**WHAT YOU SHOULD DO:** Without reproducing any image, print the listing below exactly.

*** COLLECTED DATA

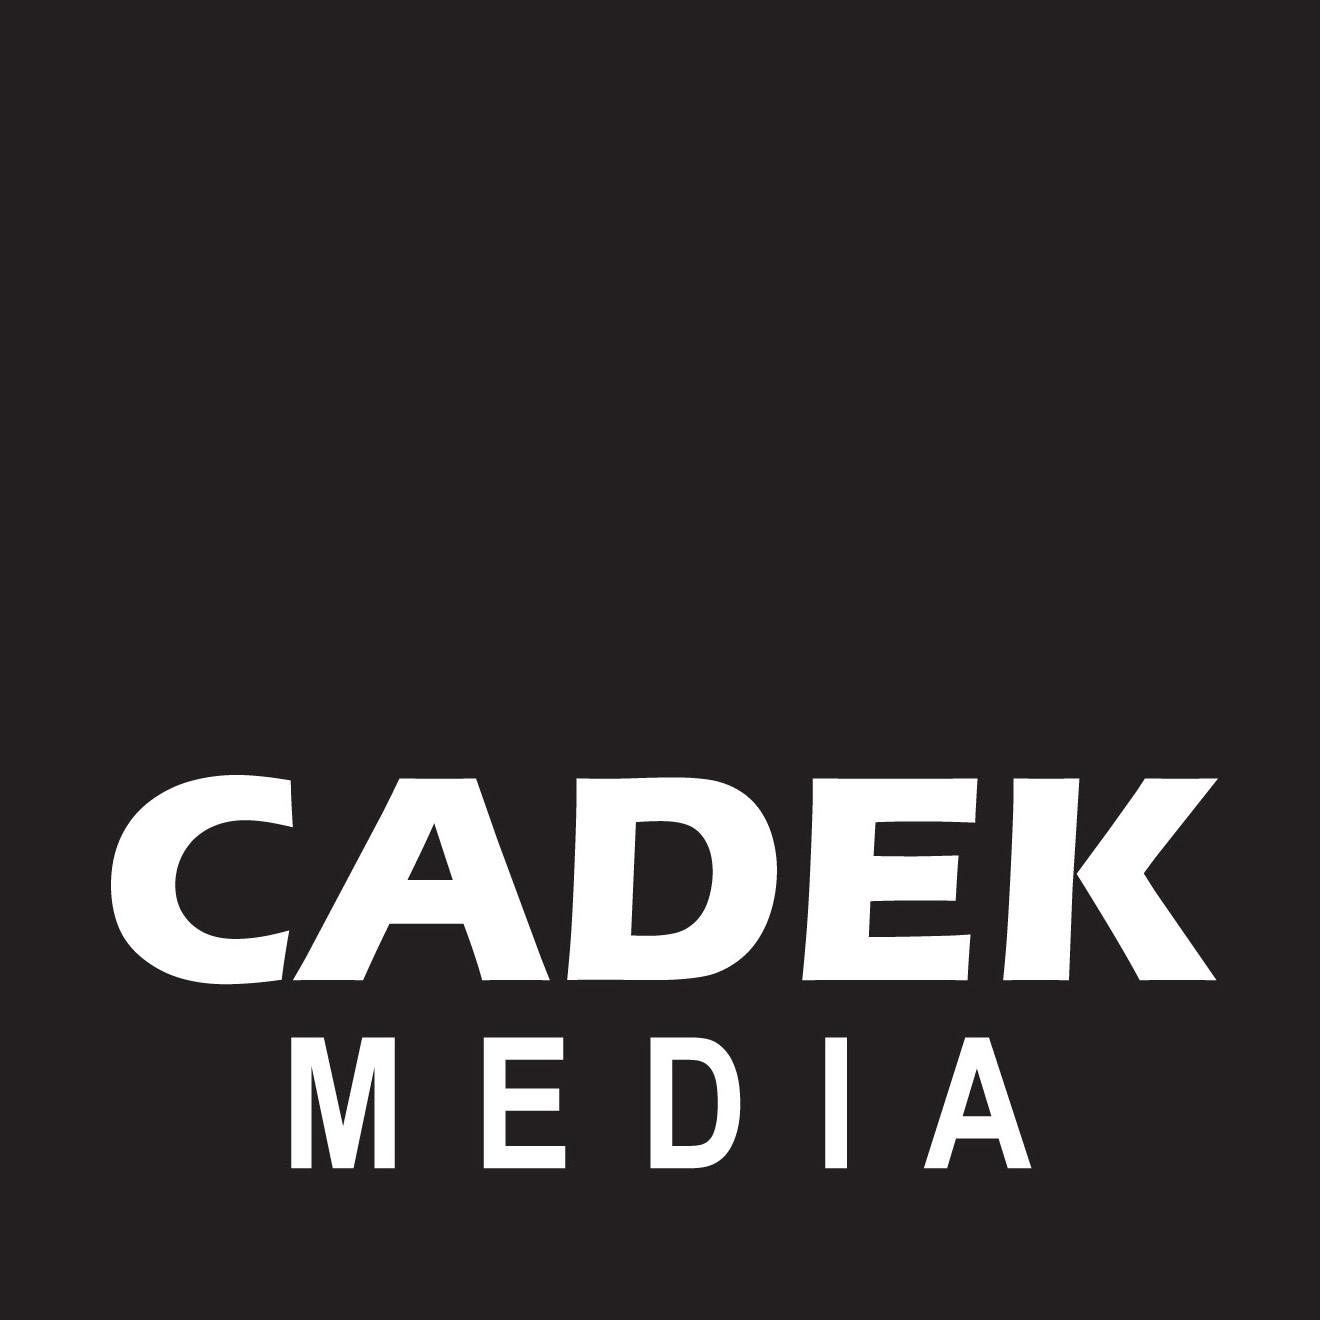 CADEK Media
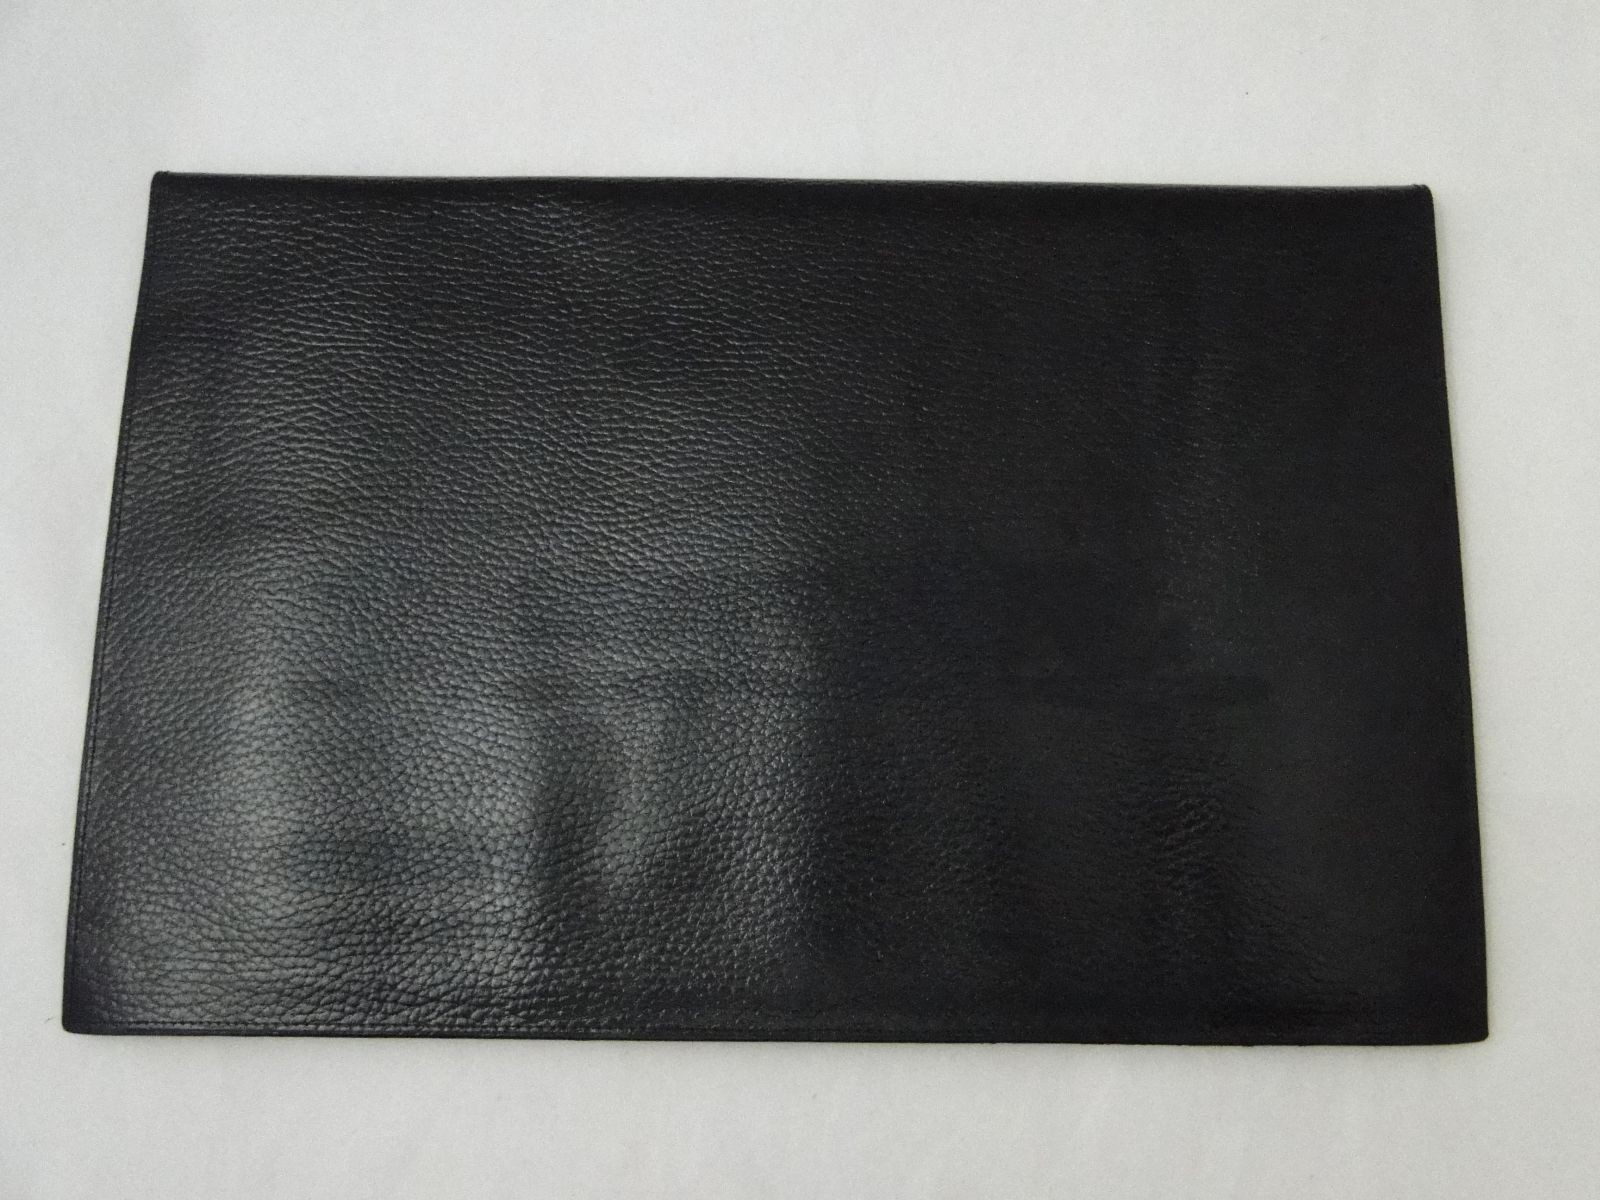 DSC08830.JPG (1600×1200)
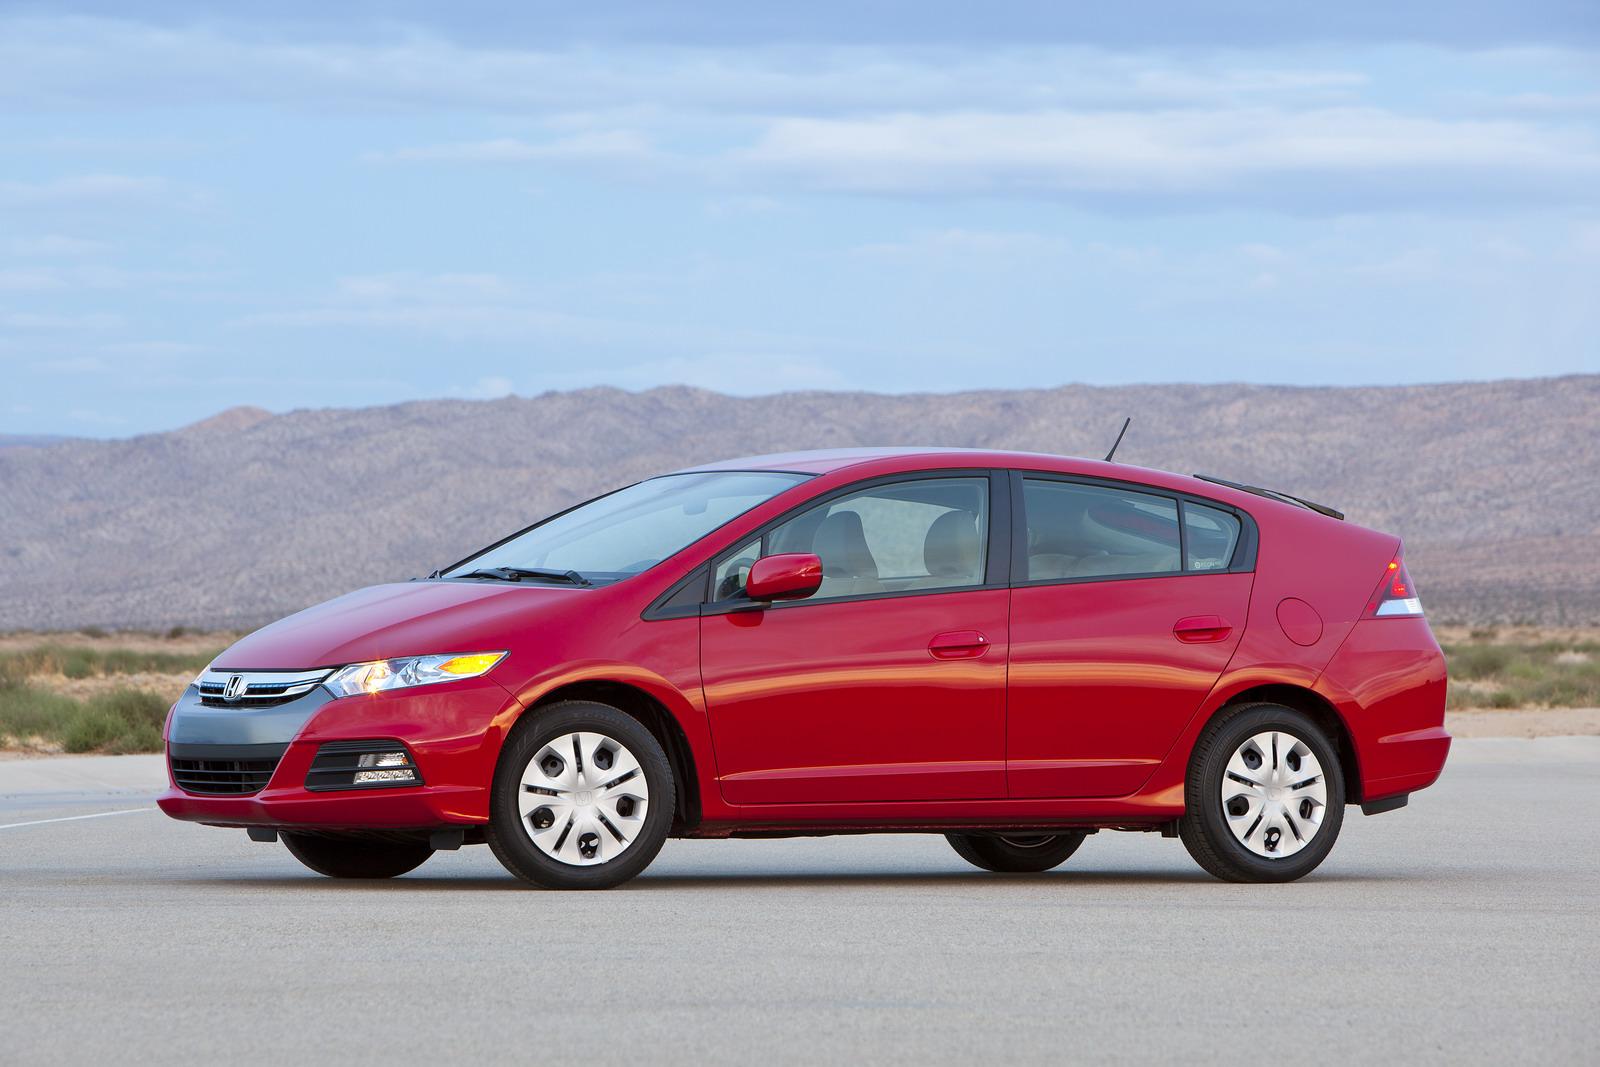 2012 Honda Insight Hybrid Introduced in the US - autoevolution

******

**RESPONSE TO THE TASK:**
 CADEK Media
 DSC08830.JPG (1600×1200)
 2012 Honda Insight Hybrid Introduced in the US - autoevolution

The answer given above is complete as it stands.